Exercise prompt: All pictures are to be dropped, and everything else in the data duplicated exactly.
Exercise data below:
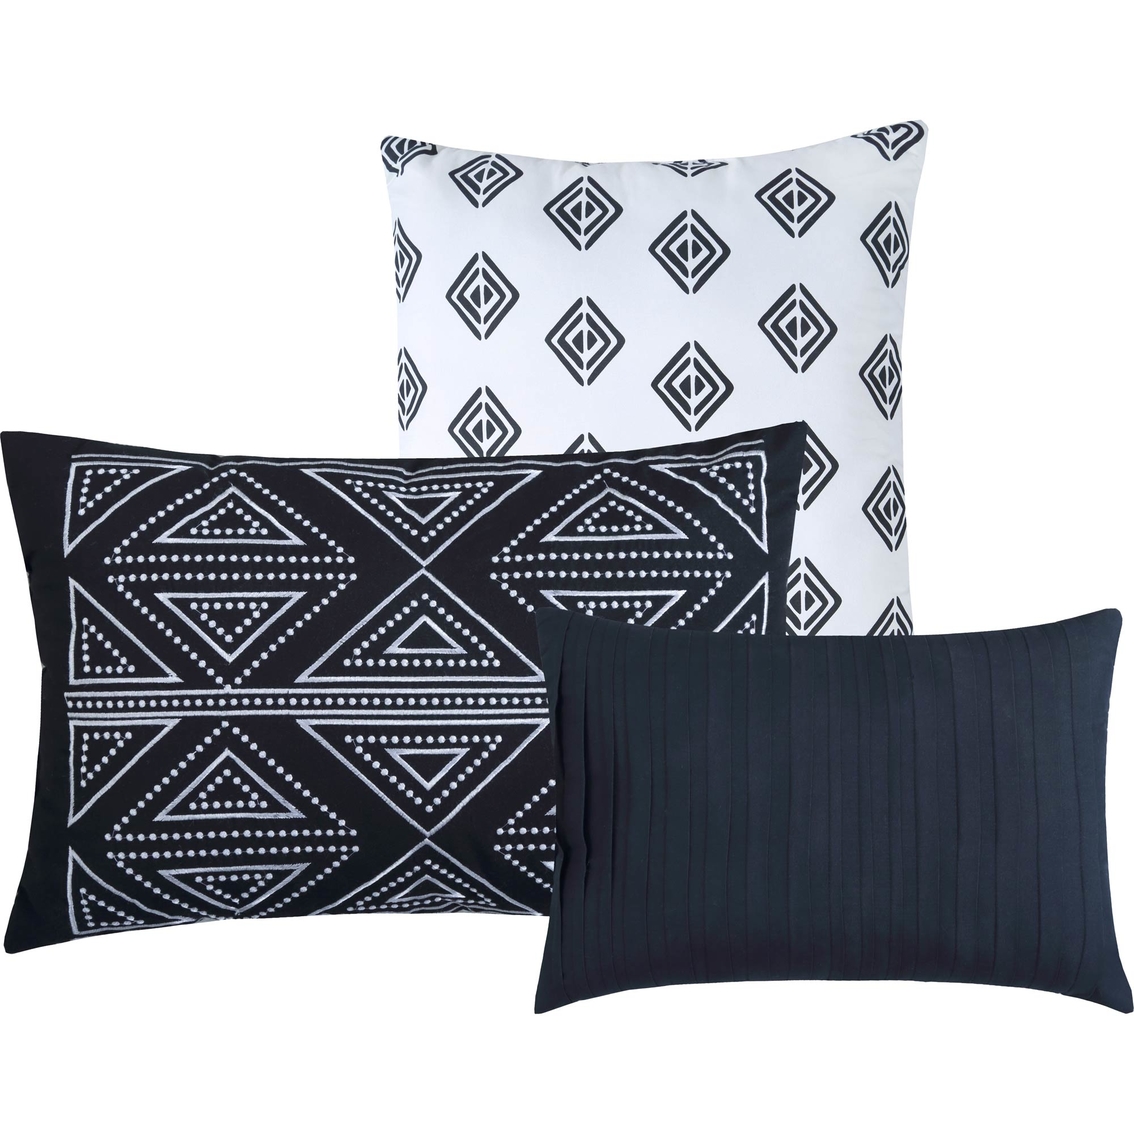 Royale Linens Kenya 7 Piece Comforter Set - Image 3 of 4
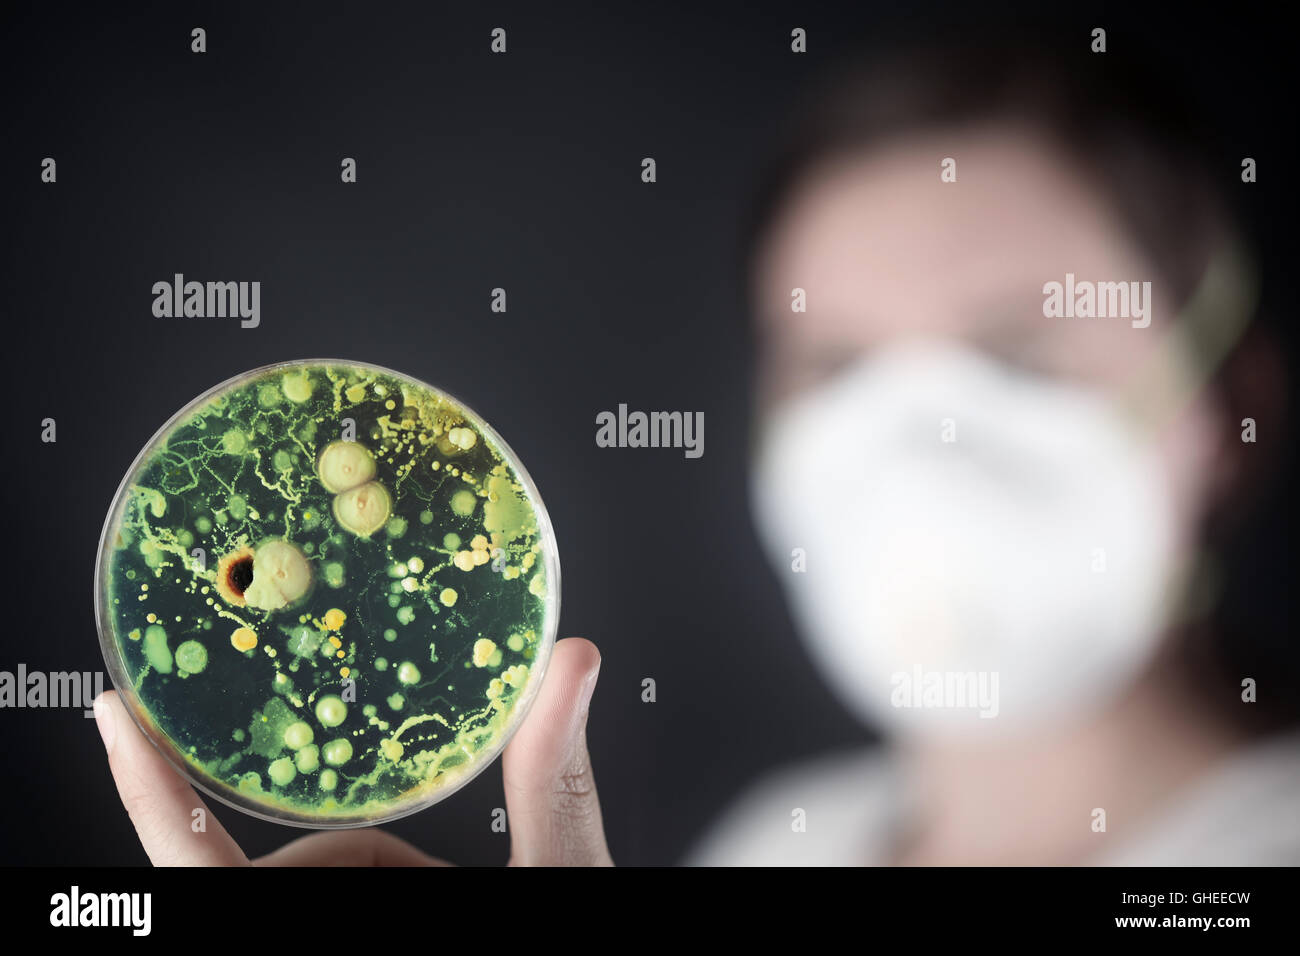 Examining bacteria in a petri dish Stock Photo
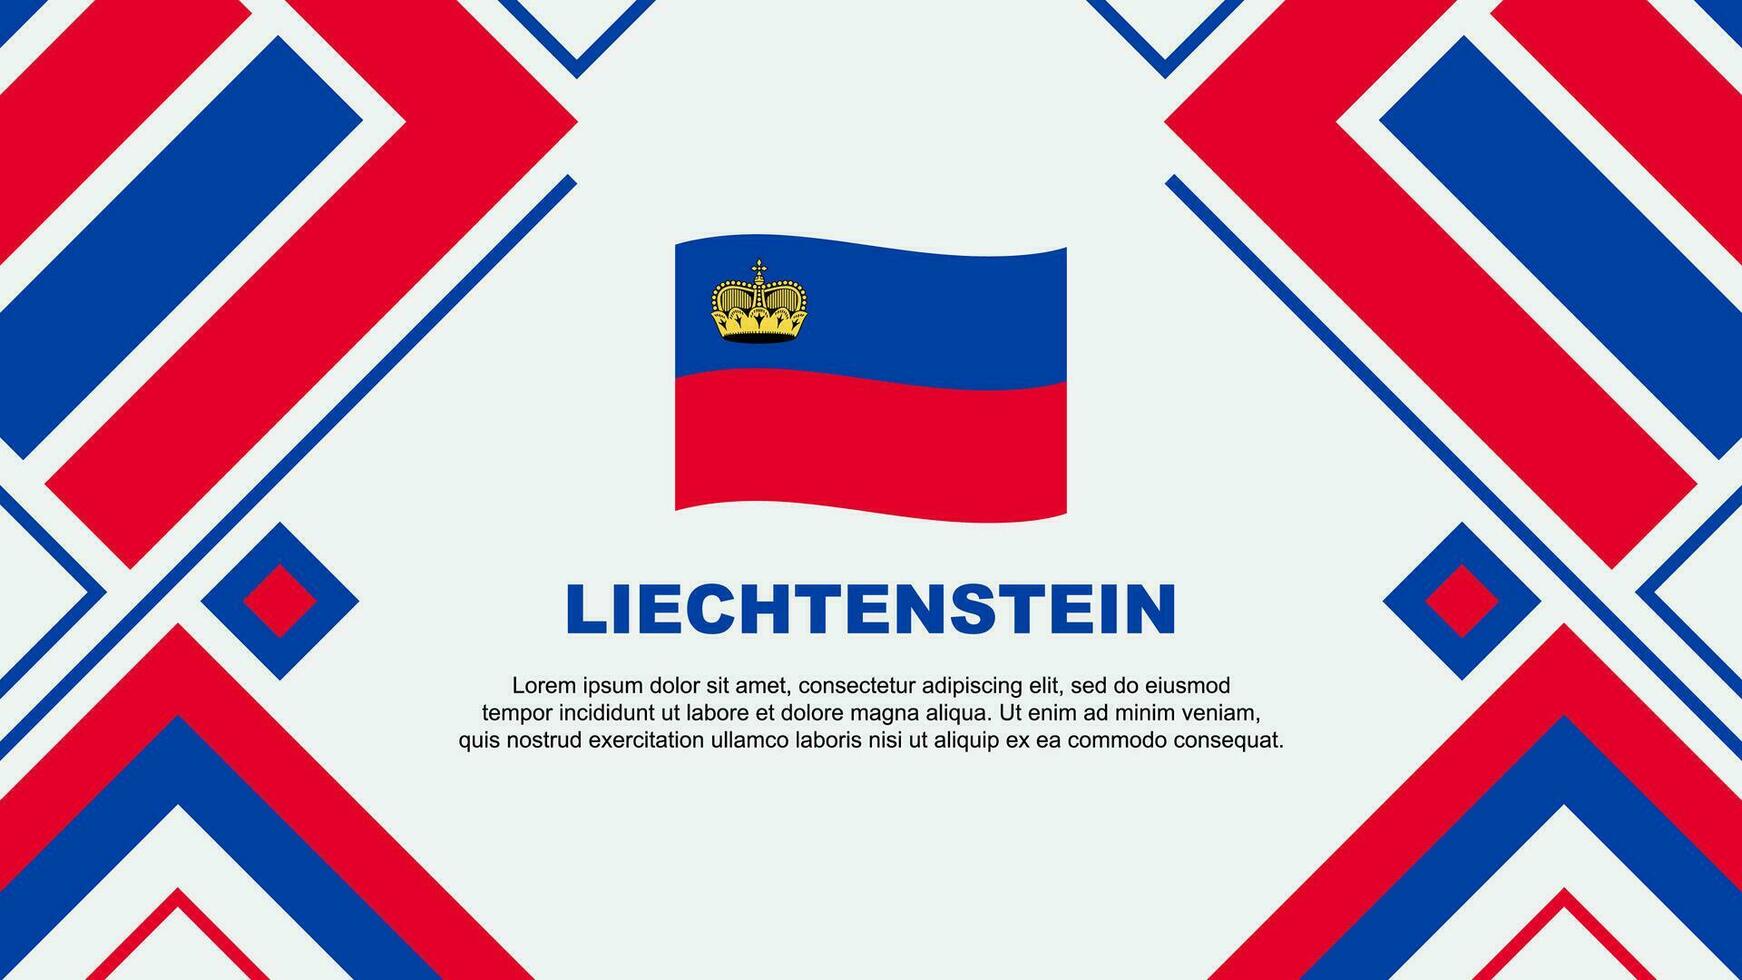 Liechtenstein Flag Abstract Background Design Template. Liechtenstein Independence Day Banner Wallpaper Vector Illustration. Liechtenstein Flag
End of Exercise data.
Answer space:
 Royale Linens Kenya 7 Piece Comforter Set - Image 3 of 4
 Examining bacteria in a petri dish Stock Photo
 Liechtenstein Flag Abstract Background Design Template. Liechtenstein Independence Day Banner Wallpaper Vector Illustration. Liechtenstein Flag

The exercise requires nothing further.